Create a function to train the model. The function will iterate over the training data for a specified number of iterations, updating the bias and weights at each step. The function will return the loss history and the final bias and weights.  
*Note: The loss history is a list of the mean squared error (MSE) after each iteration.*  
*Note: The function will utilize the `loss_MSE` and `update_bias_weights` function.*

In [None]:
# Train Model
def train(X, Y, b, W, learning_rate, learning_iterations):
    """
    Train a linear regression model for multiple features.
    Inputs: X - numpy.ndarray, the input feature values
            Y - numpy.ndarray, the true output values
            b - float/int, bias
            W - numpy.ndarray, weights for features
            learning_rate - float, the learning rate
            learning_iterations - int, the number of training iterations
    Outputs: (loss_history, b, W) - tuple, the loss history and the final bias and weights
    """
    # replace ... with your code
    ...
    return loss_history, b, W

Create a function to find the optimal learning rate for training the model.
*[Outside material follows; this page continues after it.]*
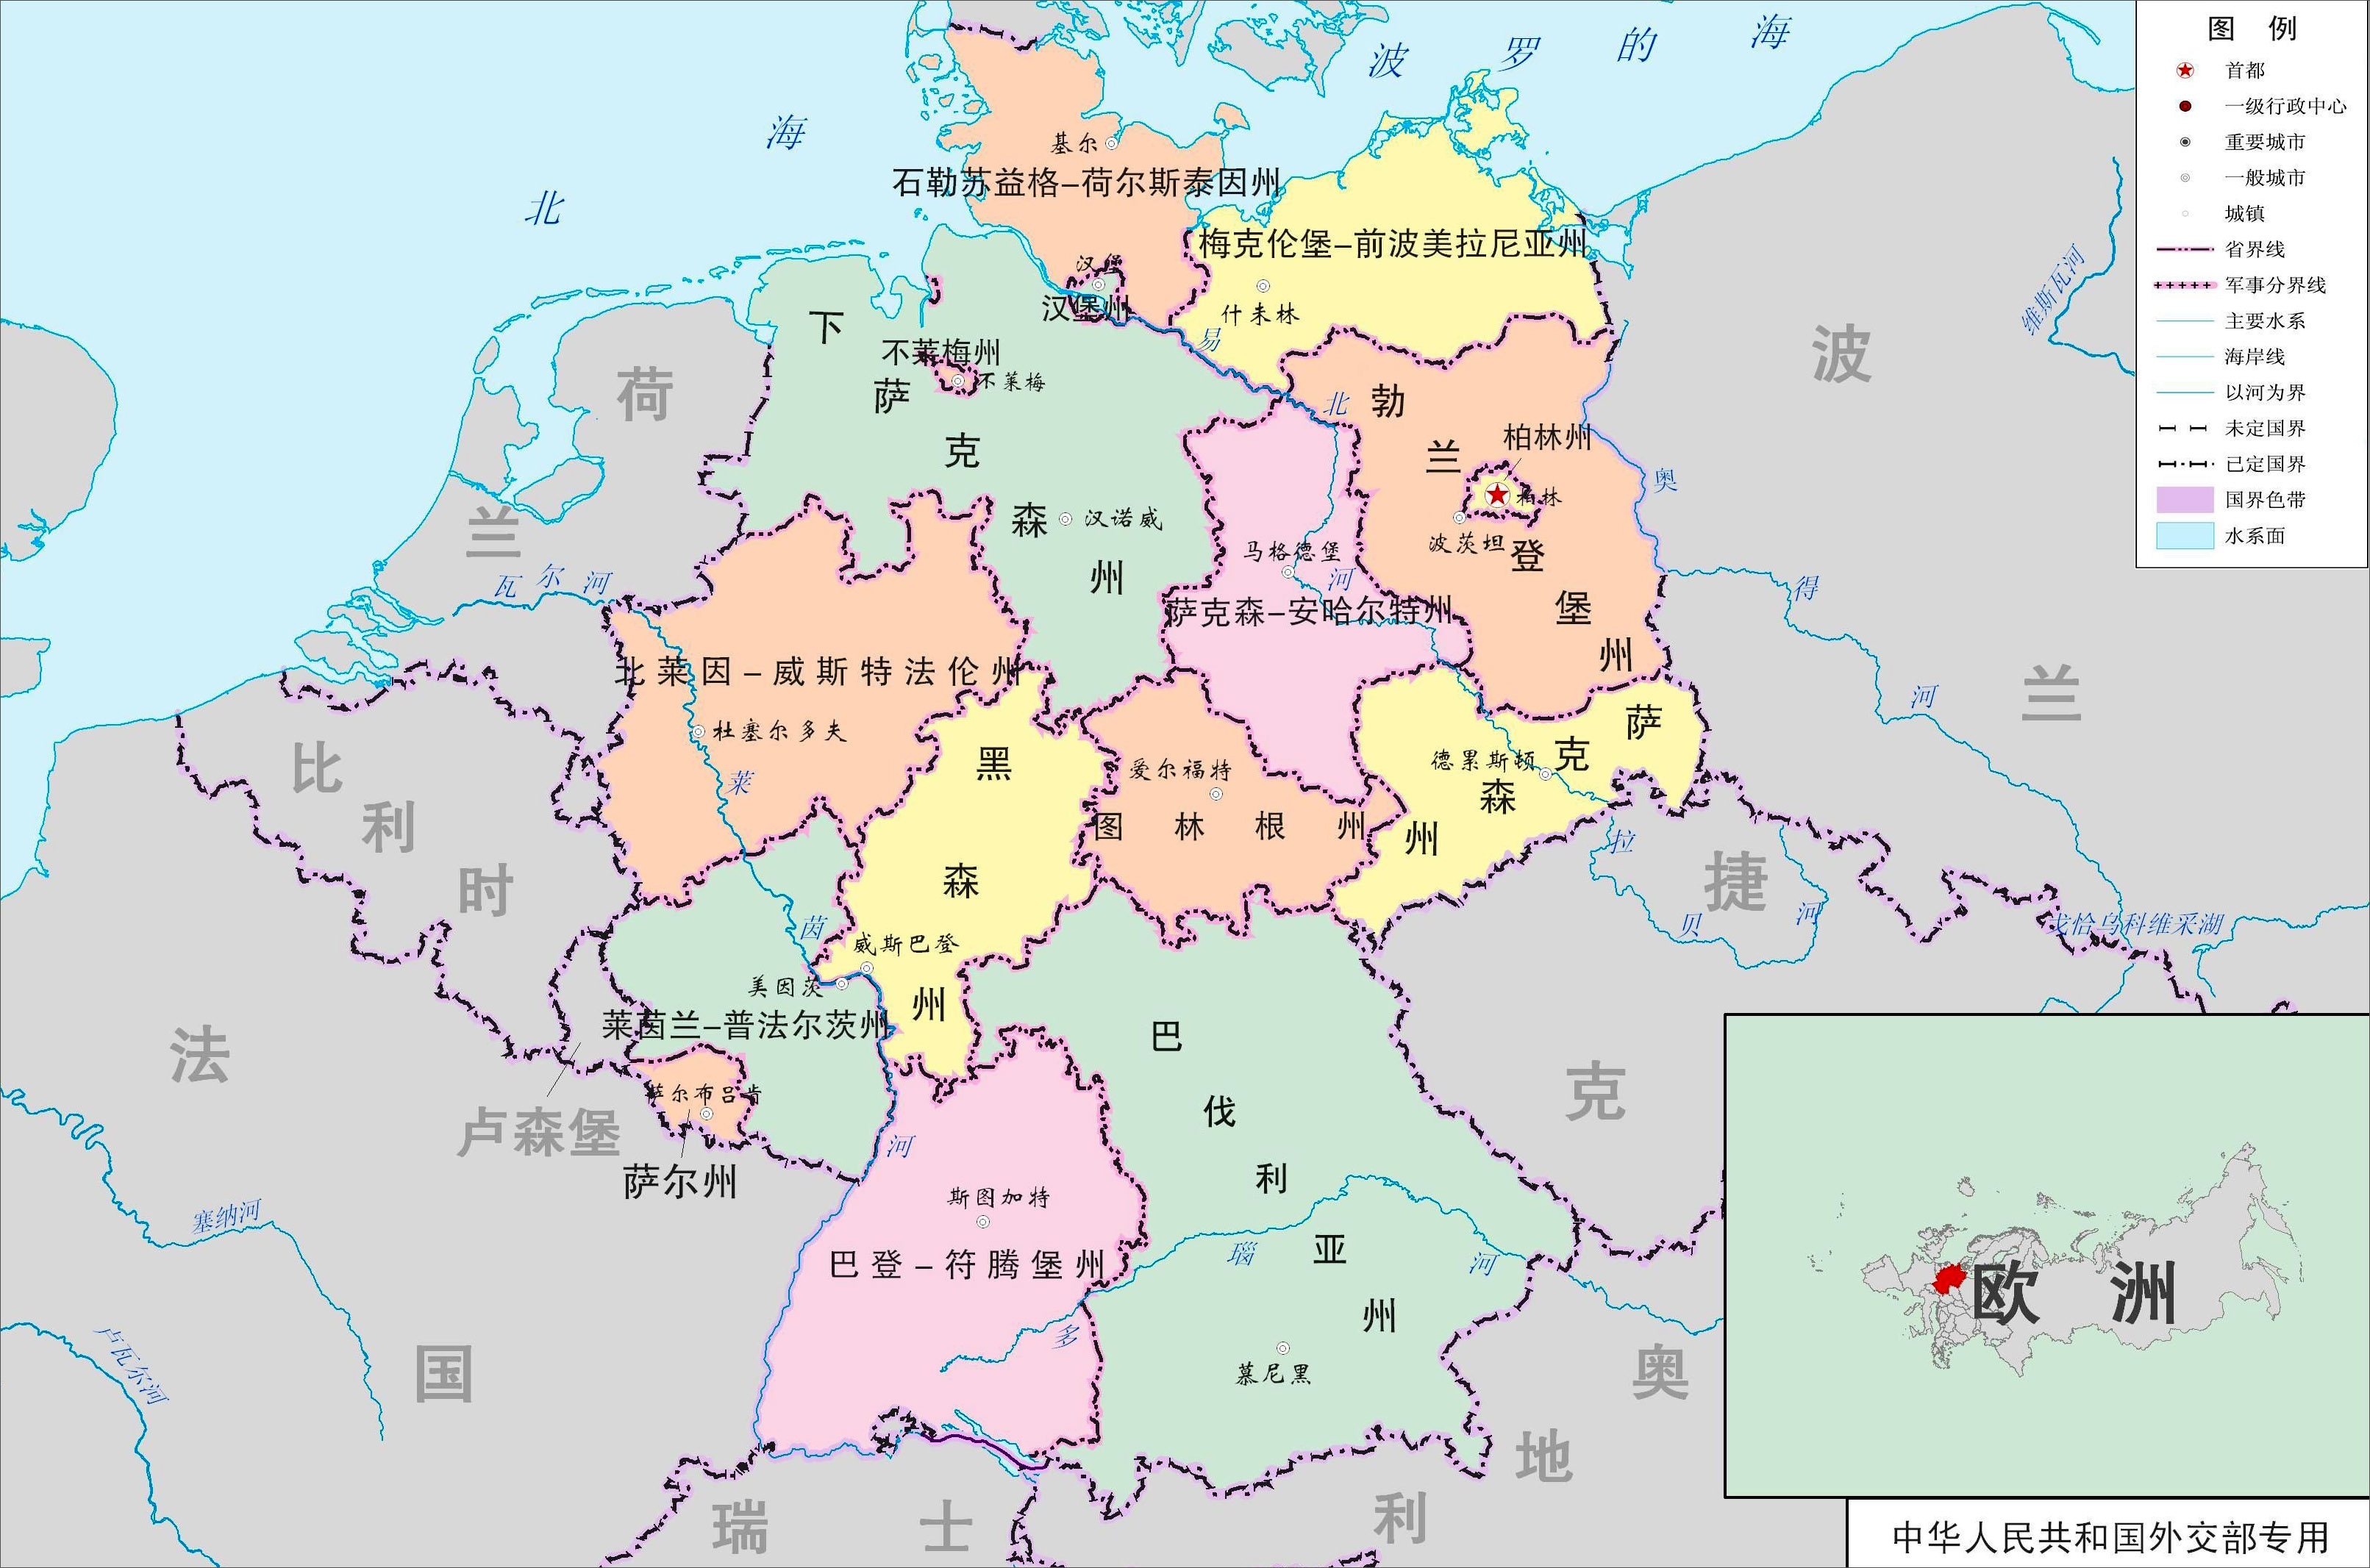 德国人口密度每平方公里23044人欧洲人口第一大国是俄罗斯

The learning rate is a hyperparameter of gradient descent algorithm. Choosing the learning rate is challenging. A too small value may result in a long training process, whereas a too large value may result in learning divergence.  
*Note: This function uses the `train` function.*

In [None]:
# Select optimal learning rate
def optimal_learning_rate(X, Y, b, W, learning_rates, learning_iterations):
    """
    Select the best learning rate based on the final MSE.
    Inputs:
        X - numpy.ndarray, the input feature values
        Y - numpy.ndarray, the true output values
        b - float/int, initial bias
        W - numpy.ndarray, initial weights for features
        learning_rates - list, a list of learning rates to evaluate
        learning_iterations - int, the number of training iterations for each learning rate
    Outputs:
        best_lr - float, the learning rate with the lowest final MSE
        best_loss - float, the final MSE for the best learning rate
        results - dict, details of MSE for all learning rates
    """
    # replace ... with your code
    ...
    return best_lr, best_loss, results

Finally, time to piece all of work or functions completed earlier. Execute the cell below to test if your functions work properly.  
Use the following learning rates: [0.001, 0,1]. For each learning rate, train the model for 10000 iterations and record the final loss.  
If all works, the output should look like:  
<pre>
Results for all learning rates:
Learning rate: 0.001, Final MSE: 22.80830
Learning rate: 0.1, Final MSE: 22.77838

Best learning rate: 0.1 with Final MSE: 22.77838
</pre>

In [None]:
# Initialize bias and weights
initial_b = 0
initial_W = np.zeros((X_train.shape[1]))

# Define learning rates to test
learning_rates = [0.001, 0.1]

# Number of iterations
learning_iterations = 10000

# Find the best learning rate
best_lr, best_loss, all_results = optimal_learning_rate(X_train_norm, y_train, initial_b, initial_W, learning_rates, learning_iterations)


# Print the results
print("\nResults for all learning rates:")
for lr, loss in all_results.items():
    print(f"Learning rate: {lr}, Final MSE: {loss:.5f}")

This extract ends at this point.